Most lymphocytes are found in the lymphatic system, including the lymph nodes in all parts of the body. Transformed B lymphocytes can grow in an uncontrolled way, resulting in the accumulation of lymphoma cells that can cause enlargement of the lymph nodes. Mantle cell lymphoma (MCL) is caused by the malignant transformation of B lymphocytes in the outer edge of a lymph node follicle (the mantle zone). MCL cells can enter the lymphatic channels and blood and spread to other lymph nodes or tissues, such as the spleen, bone marrow, and lymph nodes in the throat (tonsils and adenoids), liver, and gastrointestinal tract. ⁵ MCL cells can also enter the brain, lungs, and spinal cord, although these are relatively rare. MCL can develop on the mucosa of all parts of the body, typically the pharyngeal Waldeyer’s ring and the GI tract. ⁵

The GI tract is subdivided into 3 parts, the esophagus, stomach, and intestines (including the duodenum, ileum, cecum, colon, and rectum). MCL lesions in each part of the GI tract can be classified into the following 6 subtypes by endoscopic gross findings ⁷ : (1) protruded type (solitary or fewer than 10 elevated lesions forming tumorous nodules. These lesions often resemble submucosal tumors and sometimes have accompanying ulcers on their top surfaces), (2) fold-thickening type (thickened mucosal folds like large cerebroid folds, typically seen only in the stomach), (3) multiple micropolyp type (multiple micropolyps with or without some large polyps. The number of polyps is 10 or more), (4) ulcerative type (solitary or multiple shorter lesions due to ulcers), (5) superficial type (changes in mucosal color and/or changes in mucosal morphology), and (6) mixed type (combinations of these 5 subtypes).

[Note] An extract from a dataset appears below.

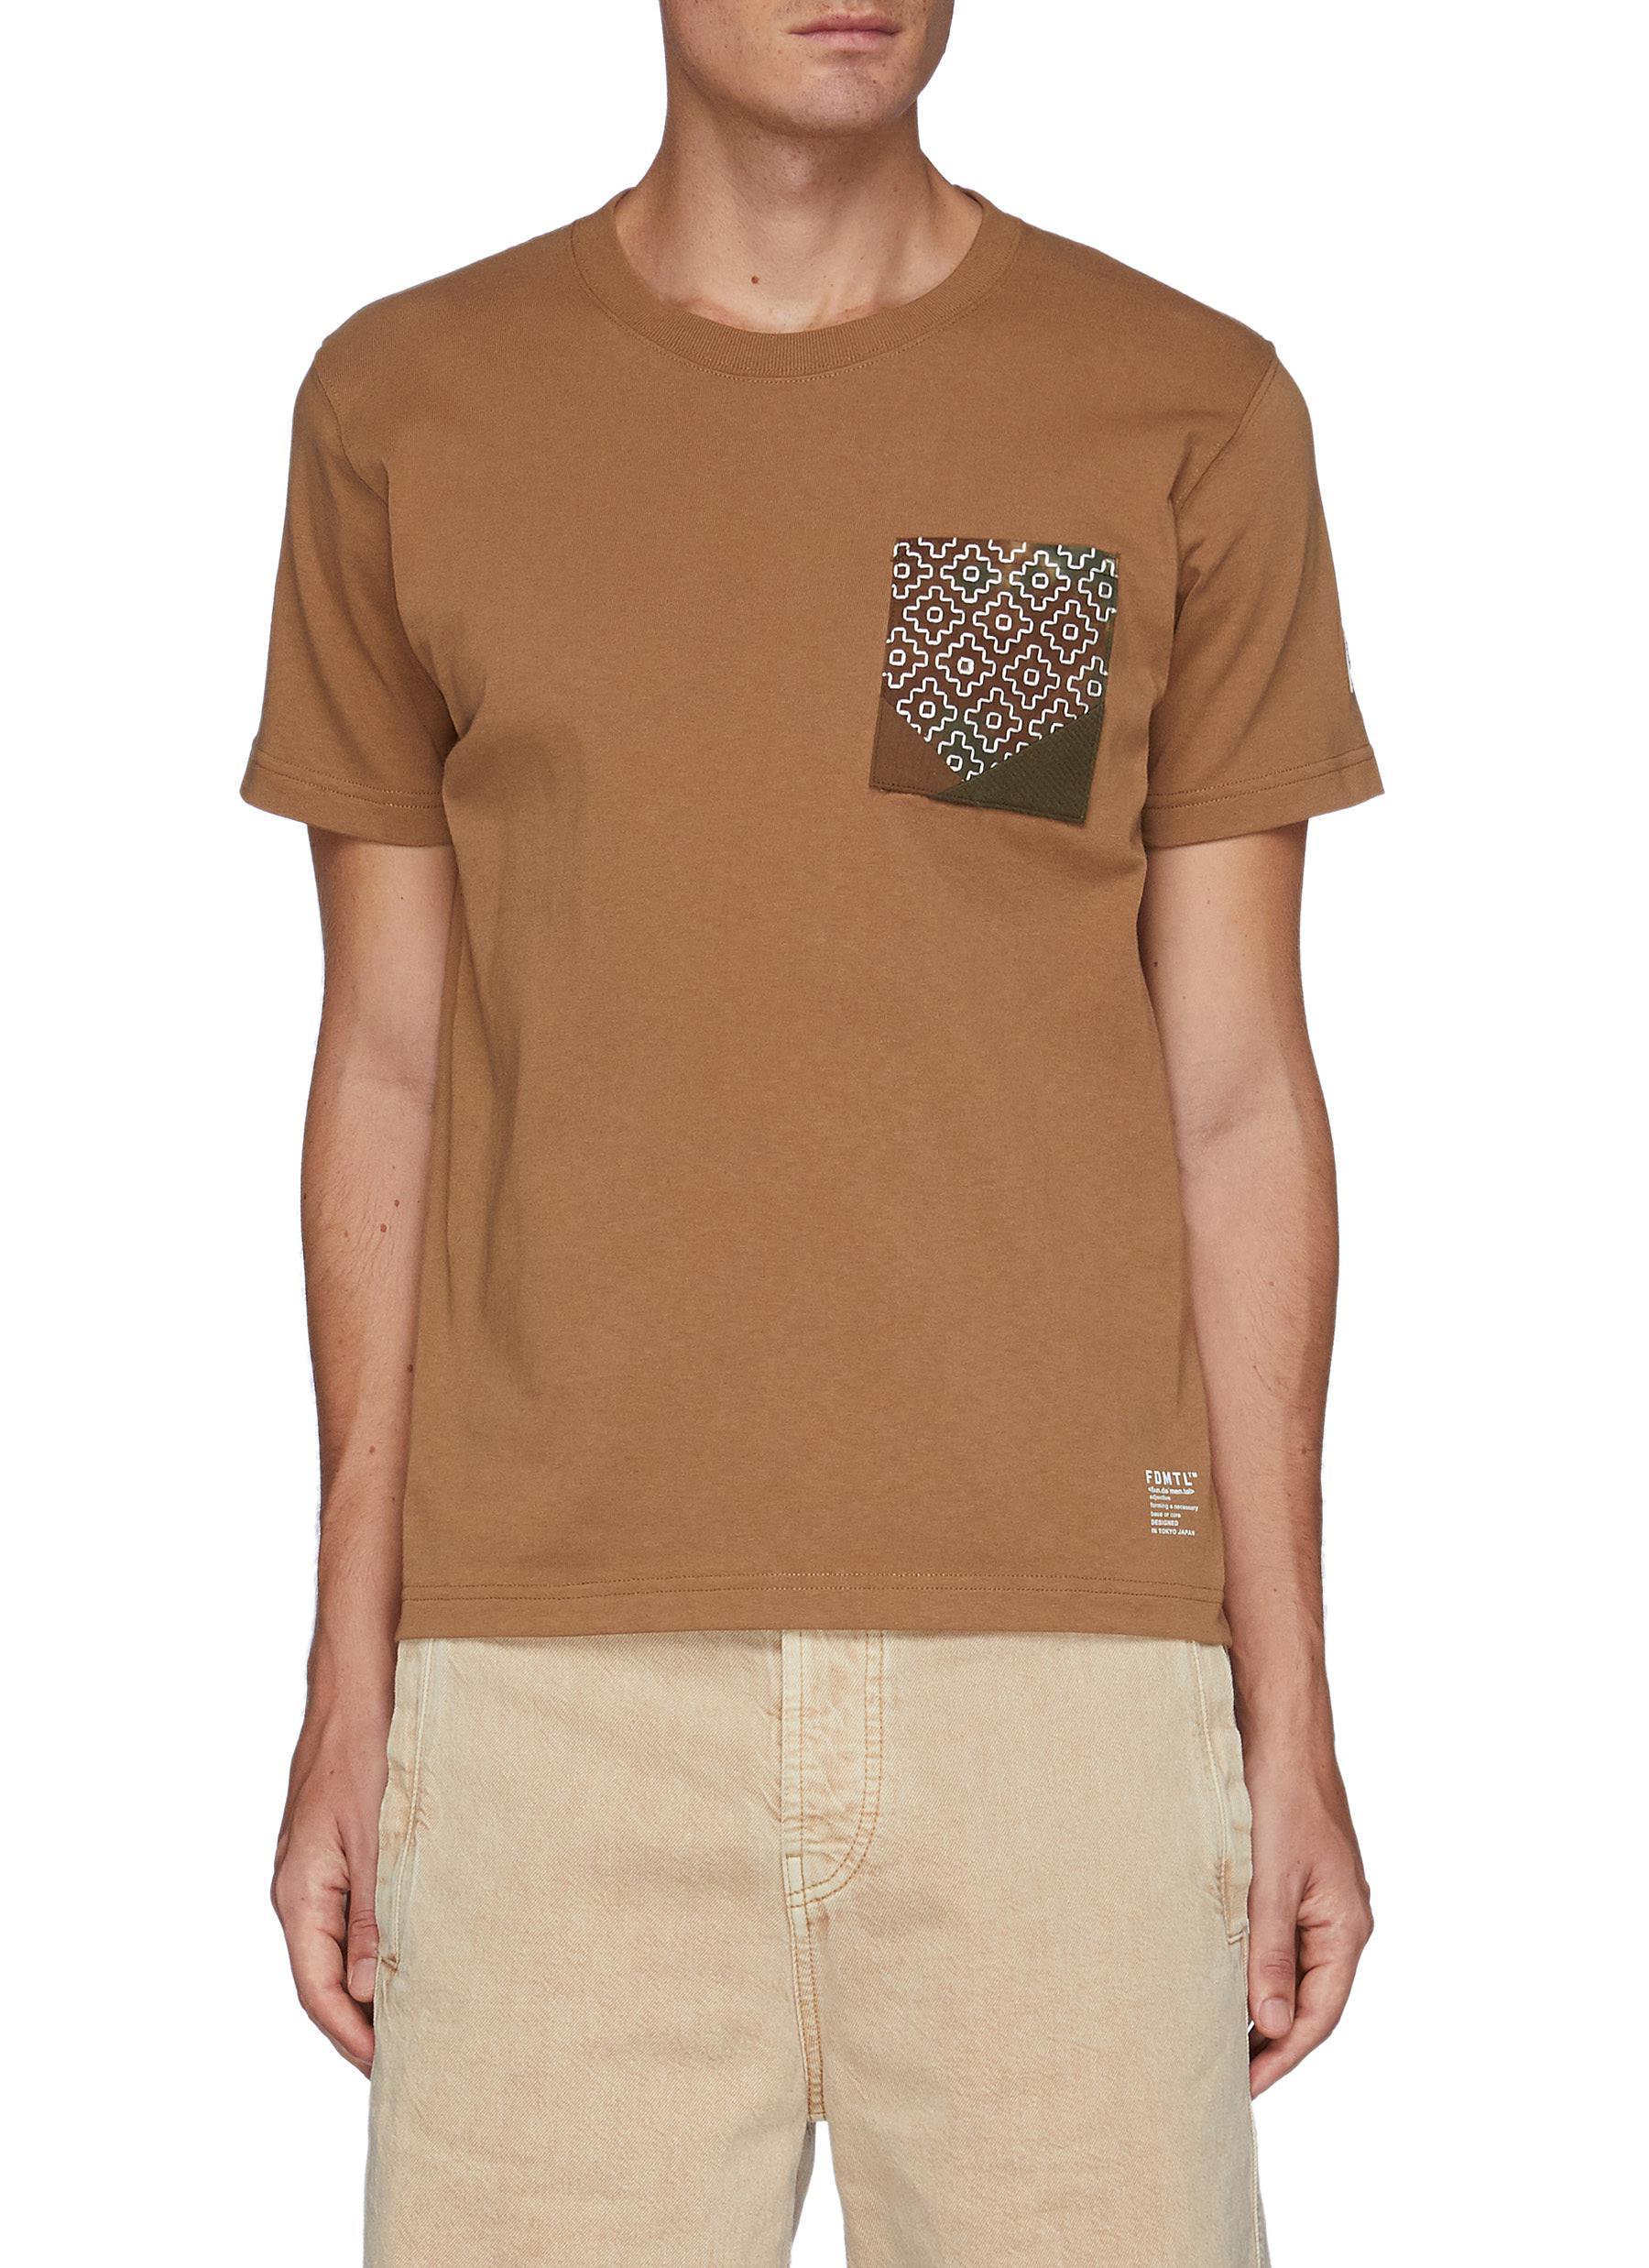 Sashiko Chest Patch Crewneck Cotton T-shirt

However, the subtypes of MCL in the head and neck region have not been classified or reported yet. Most MCLs of the head and neck region develop in the extranodal lymphatic system of Waldeyer’s ring. Within Waldeyer’s ring, the tonsil is the most common location of MCL, followed by the nasopharynx. MCL always presents as a protruding mass type. Because of protruding mass, MCL of Waldeyer’s ring can be easily diagnosed by examining the affected tissue obtained from a surgical biopsy. However, the number of cells obtained from a fine-needle aspiration (FNA) is not sufficient to establish a diagnosis. Sometimes, MCL of Waldeyer’s ring can be associated with necrosis due to angiocentric and polymorphous lymphoreticular infiltrates. These coagulopathies are thought to contribute to hemorrhagic necrosis within the tumor. ¹ Different from tonsillar MCL, MCL of the nasopharynx causes diagnostic problems because of the variable features seen in endoscopic findings. When nasopharyngeal MCL is not the protruding type, endoscopic features can present as pseudoinflammatory manifestations, hyperemic injection, or nodular hyperplasia on the pharyngeal mucosa. Physicians can diagnose these lesions as pharyngitis, simple lymphoid hyperplasia, or lymphadenitis. The present case could help distinguish MCL from other nasopharyngeal lesions. In addition, special attention should be paid to evaluating other results of MCL of the nasopharynx, especially the radiologic images.

Conclusion

This was the first case report showing nodular patterns of MCL in the nasopharynx. MCL of the GI tract is classified into several subtypes according to the endoscopic characteristics. However, the subtypes of nasopharyngeal MCL have not yet been classified. Nasopharyngeal MCL should be classified into 2 subtypes, the protruding type and the nodular type. Nodular-type MCL should be recognized and adequately diagnosed because it may have a more aggressive clinical course. A detailed endoscopic evaluation with a thorough whole-body evaluation is essential for an accurate diagnosis.